• THE PROBLEM
Please copy exactly the line containing "Close to the" and every line after it, through the last line of the records below, leaving out all pictures.

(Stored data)
*****

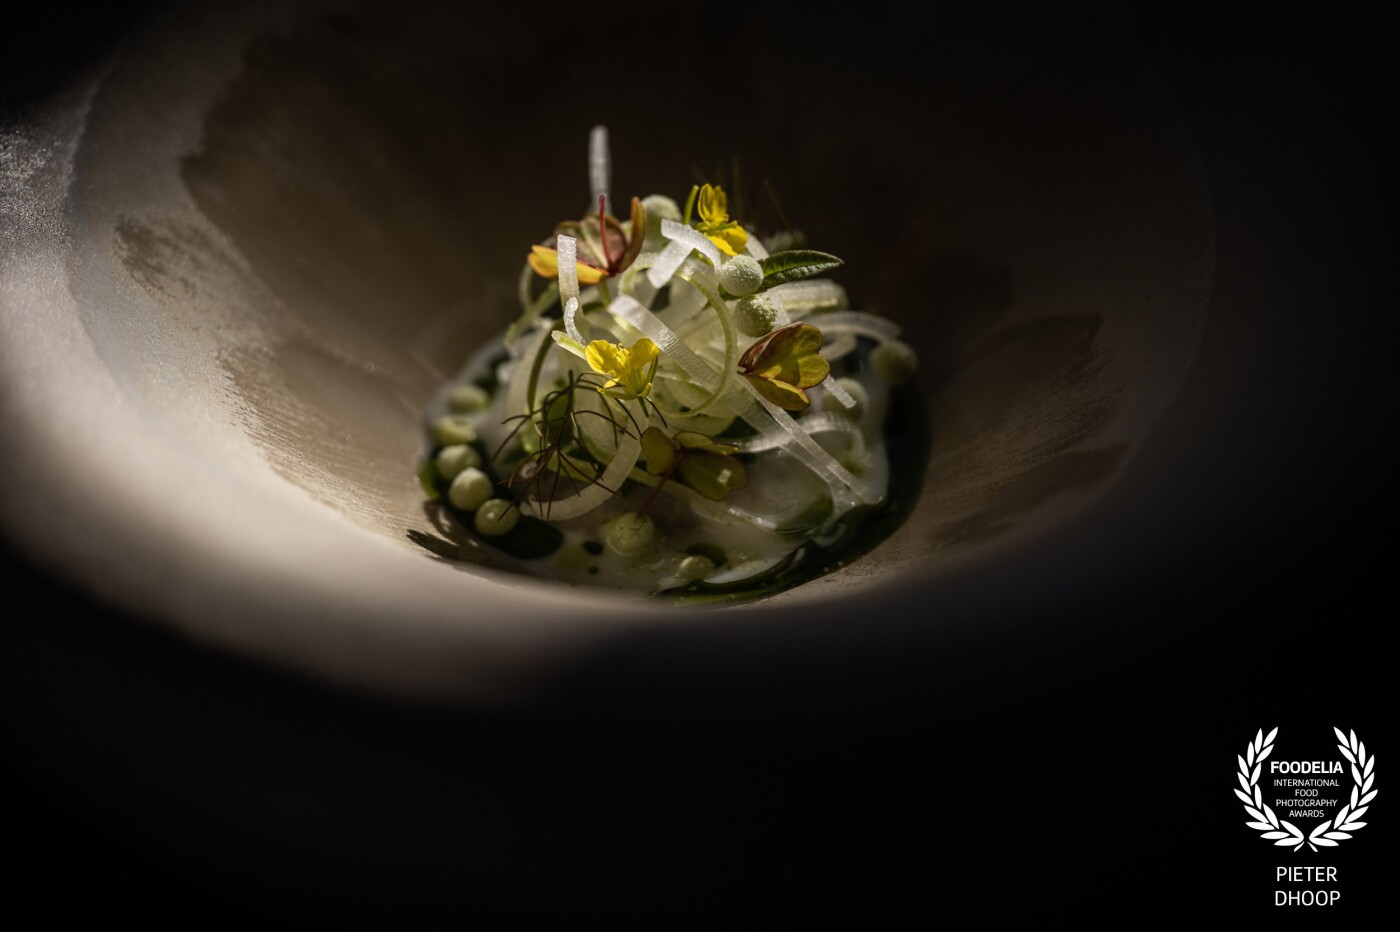 Oyster, celery, mustard flowers, frozen "pakt" flavors. Created by two michelin starred chef Nick Bril from restaurant The Jane in Antwerp (Belgium).<br />
Close to the restaurant they have some roof gardens where they grow a lot of different herbs and flowers that are used in the dishes. Those roof gardens are called "Pakt".<br />
<br />
Image made with the fujifilm GFX100 and GF120mm F4 lens. I've used daylight and had some last sunrays just before the sunset. So I've had to be quick to make sure everything turned out perfect.
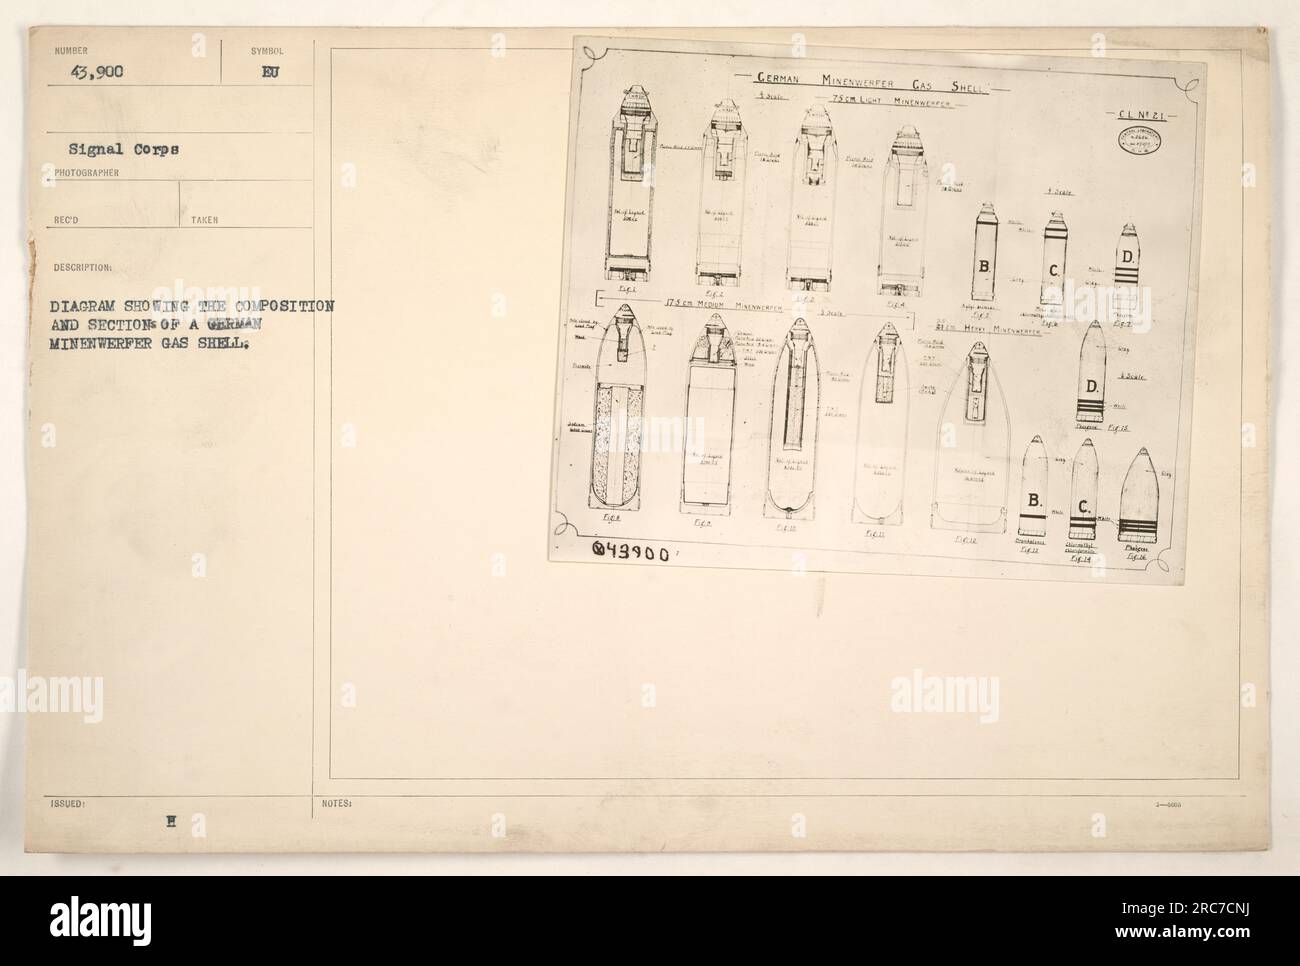 This image shows a diagram of the composition and sections of a German Minenwerfer gas shell. The shell is labeled as a 'Cermas Minenwerfer Ces Shell 1 F 10 Bigh 8 ST B Wa E p² B. 14 D.' Stock Photo

*****

• TASK ANSWER
Close to the restaurant they have some roof gardens where they grow a lot of different herbs and flowers that are used in the dishes. Those roof gardens are called "Pakt".<br />
<br />
Image made with the fujifilm GFX100 and GF120mm F4 lens. I've used daylight and had some last sunrays just before the sunset. So I've had to be quick to make sure everything turned out perfect.
 This image shows a diagram of the composition and sections of a German Minenwerfer gas shell. The shell is labeled as a 'Cermas Minenwerfer Ces Shell 1 F 10 Bigh 8 ST B Wa E p² B. 14 D.' Stock Photo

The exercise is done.